[Assigned task]:
Take the material below and extract the lines from the one with "The Sloan Boot" through the one with "Front page, April", word for word, without pictures.

[[ Data to process, beginning ]]

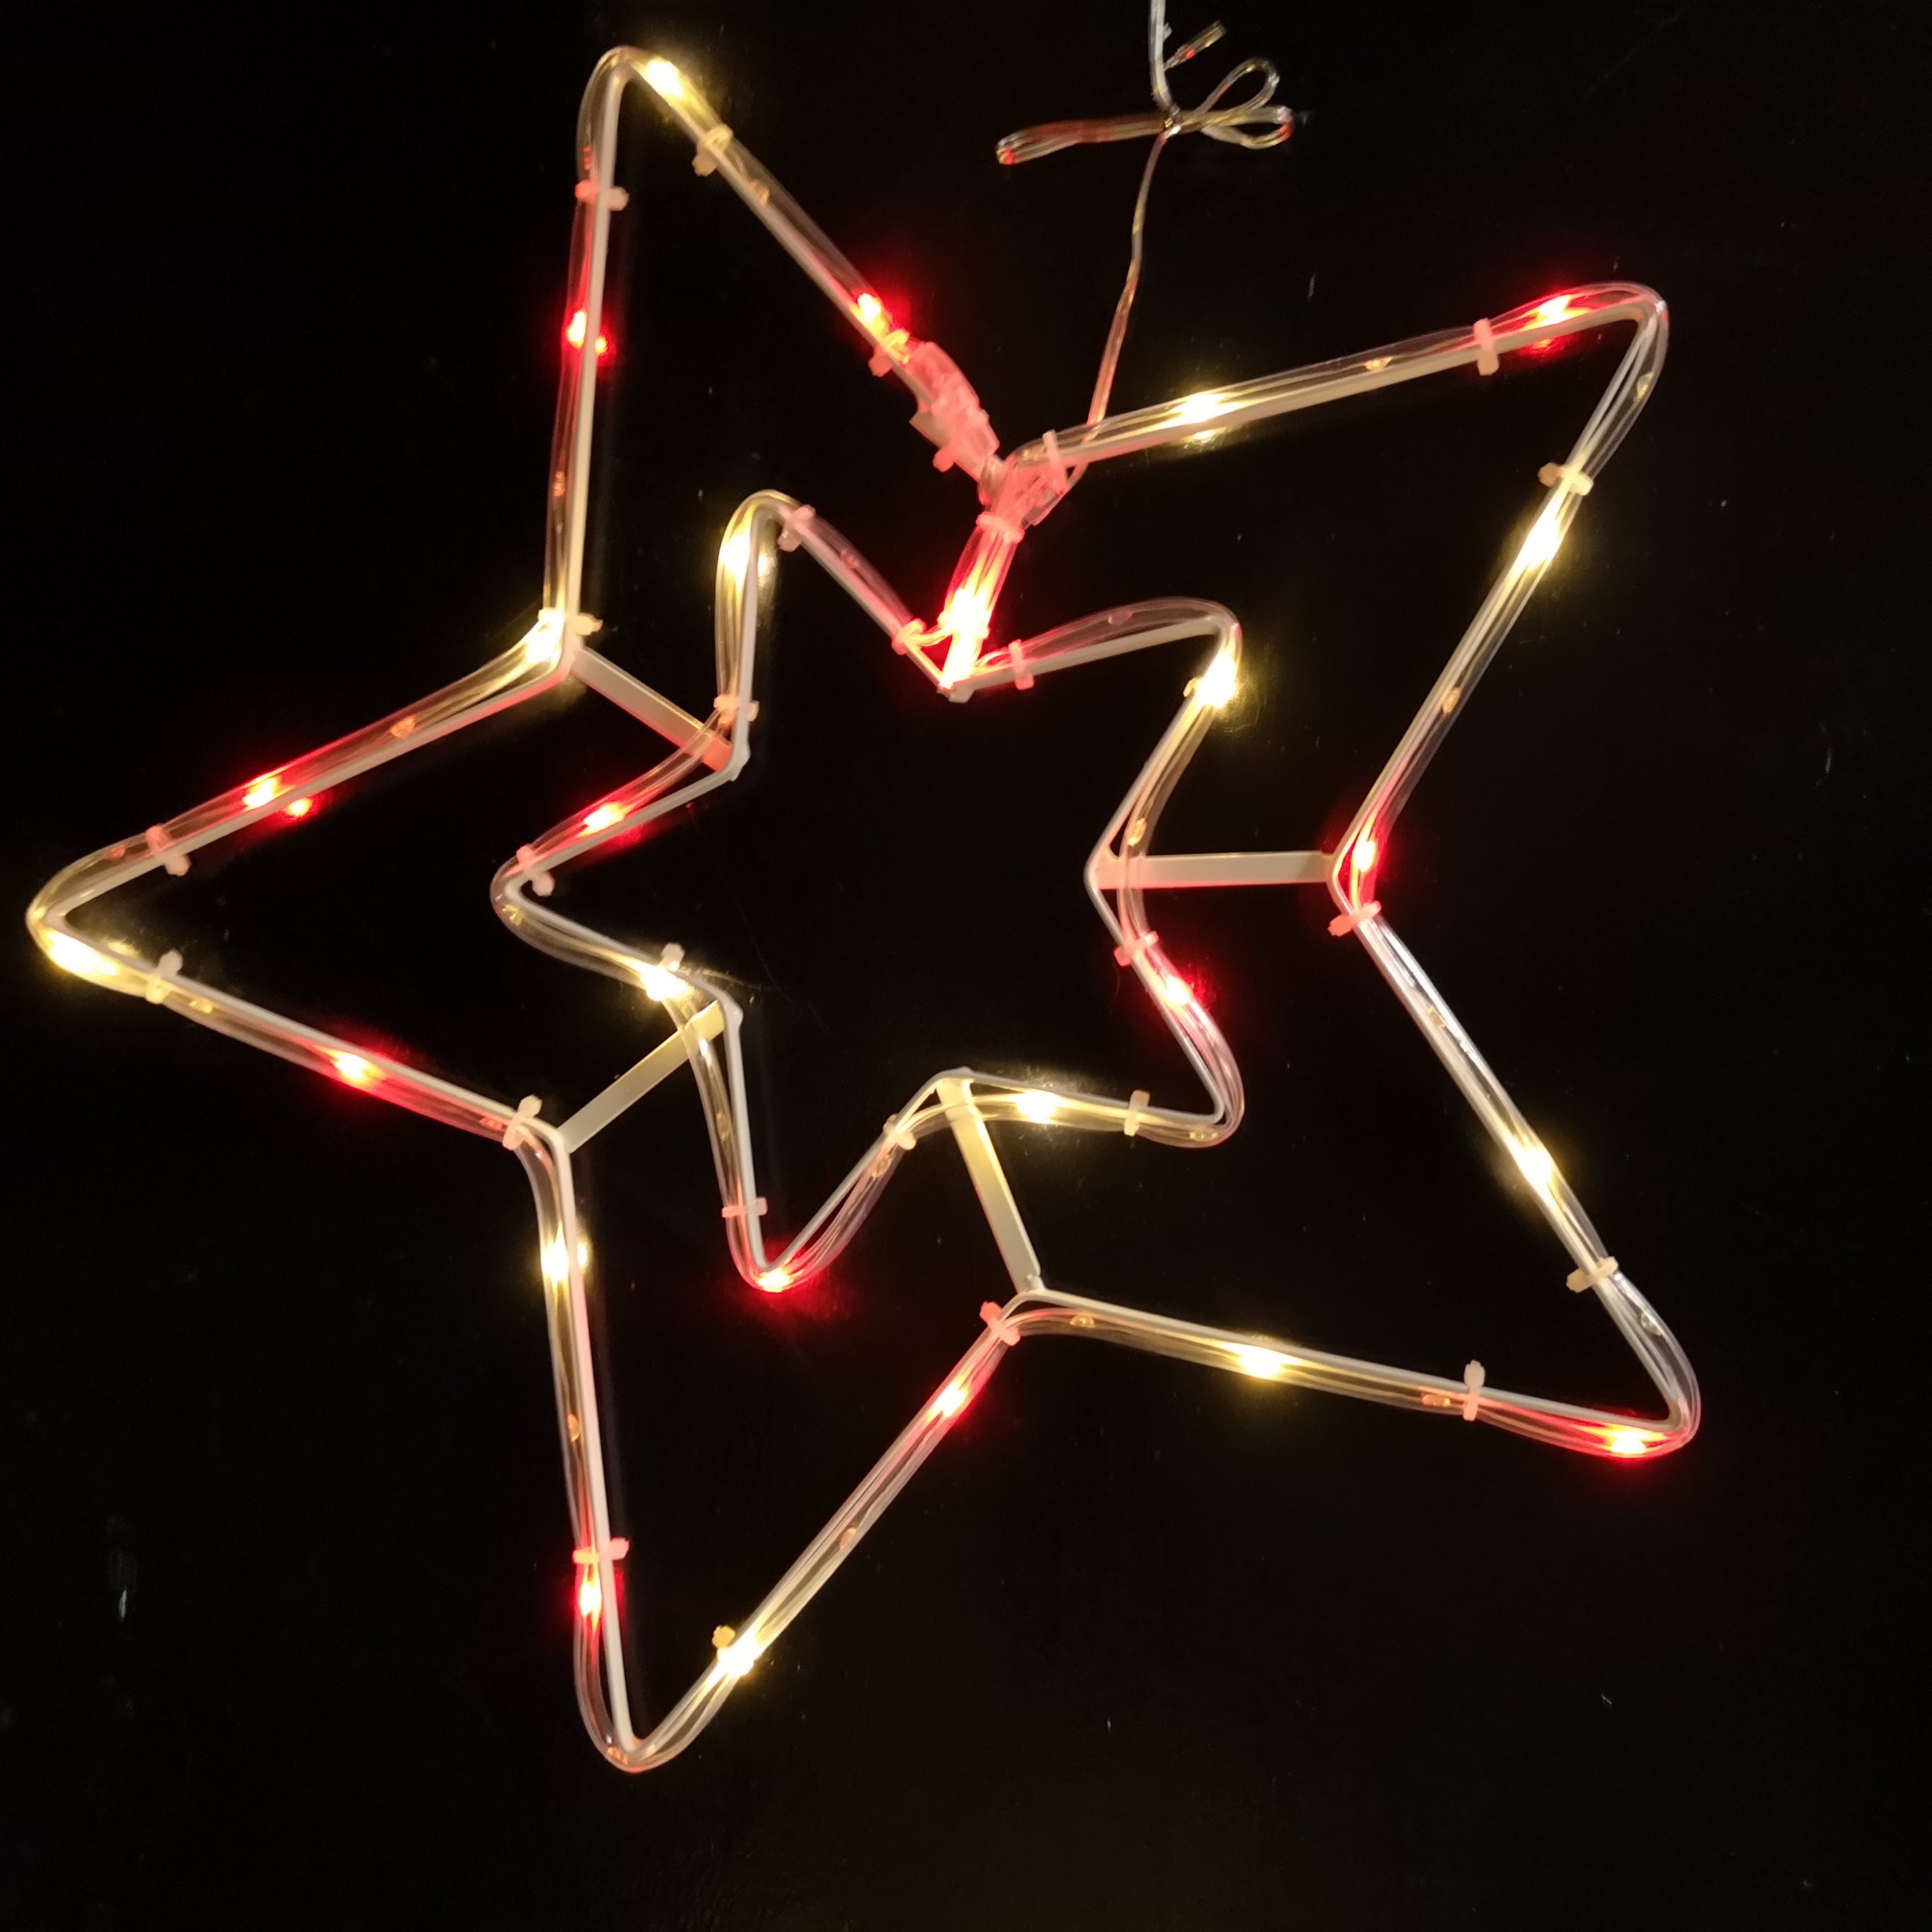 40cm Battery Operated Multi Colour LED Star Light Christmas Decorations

[[ Data to process, end ]]
[[ Data to process, beginning ]]

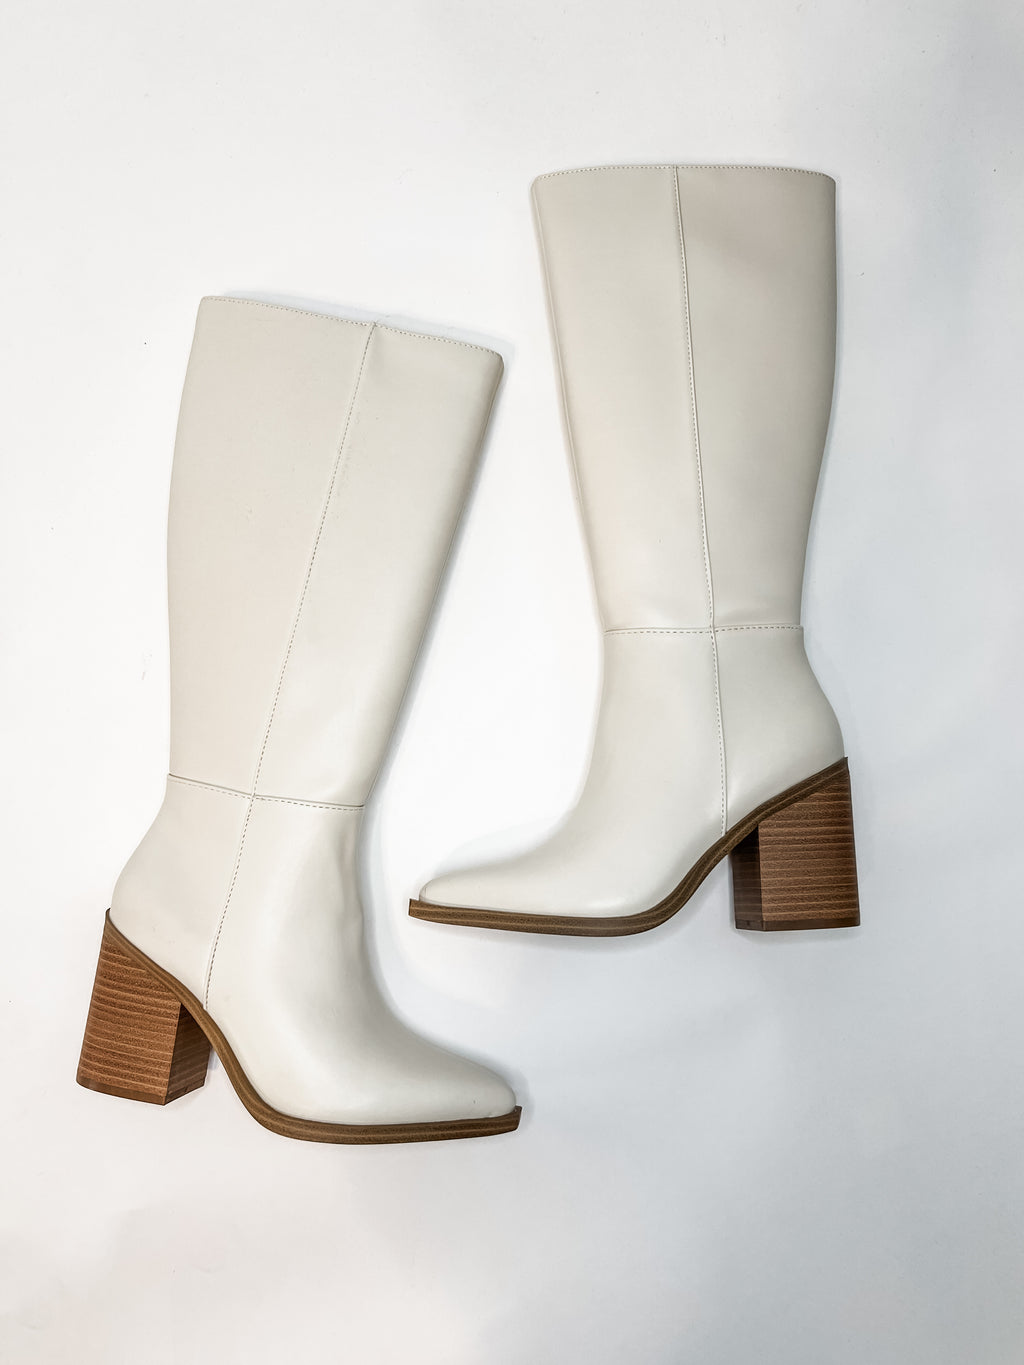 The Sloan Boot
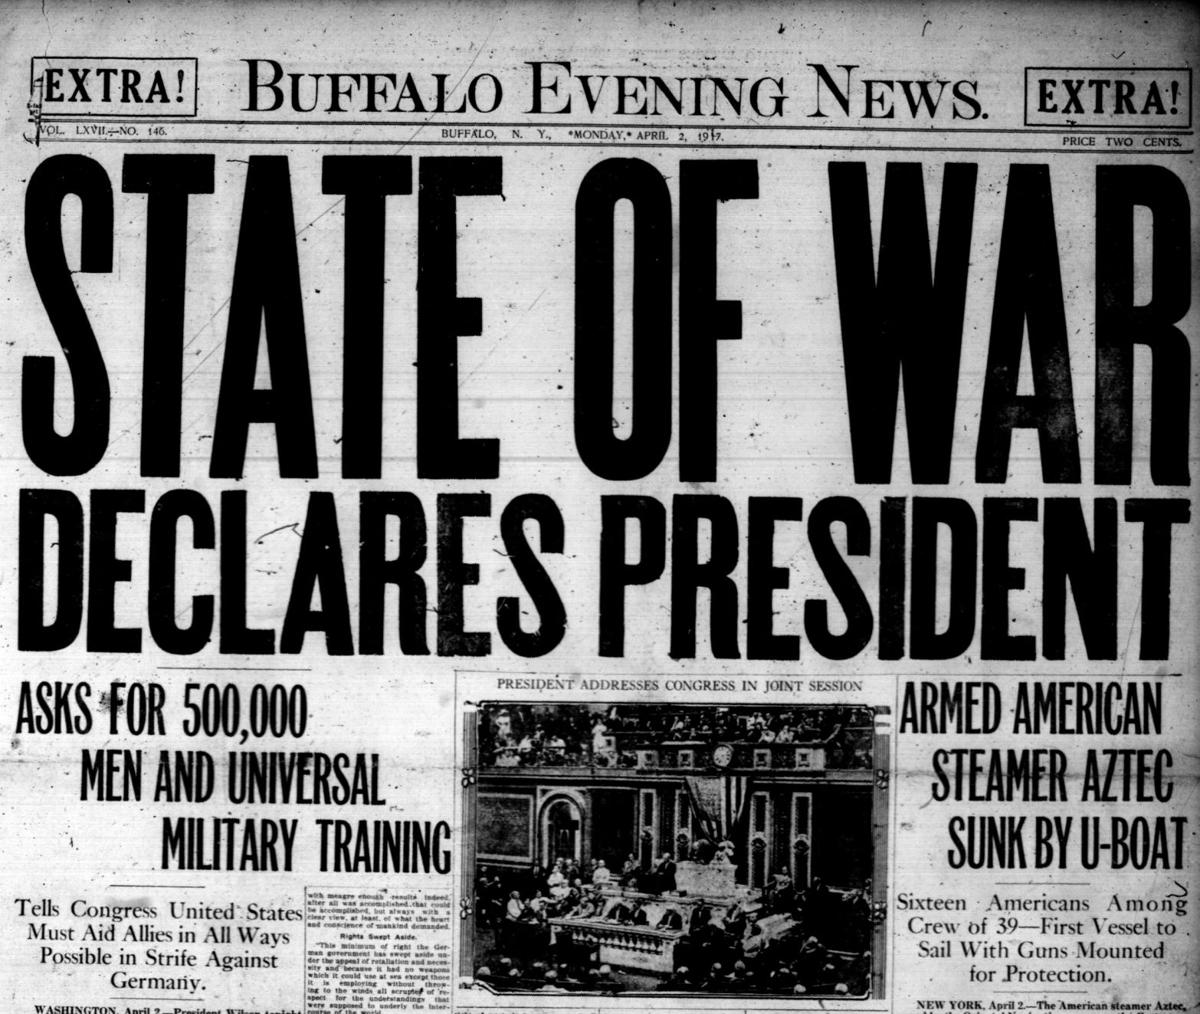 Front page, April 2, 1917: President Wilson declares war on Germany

[[ Data to process, end ]]

[Result of the exercise]:
 The Sloan Boot
 Front page, April 2, 1917: President Wilson declares war on Germany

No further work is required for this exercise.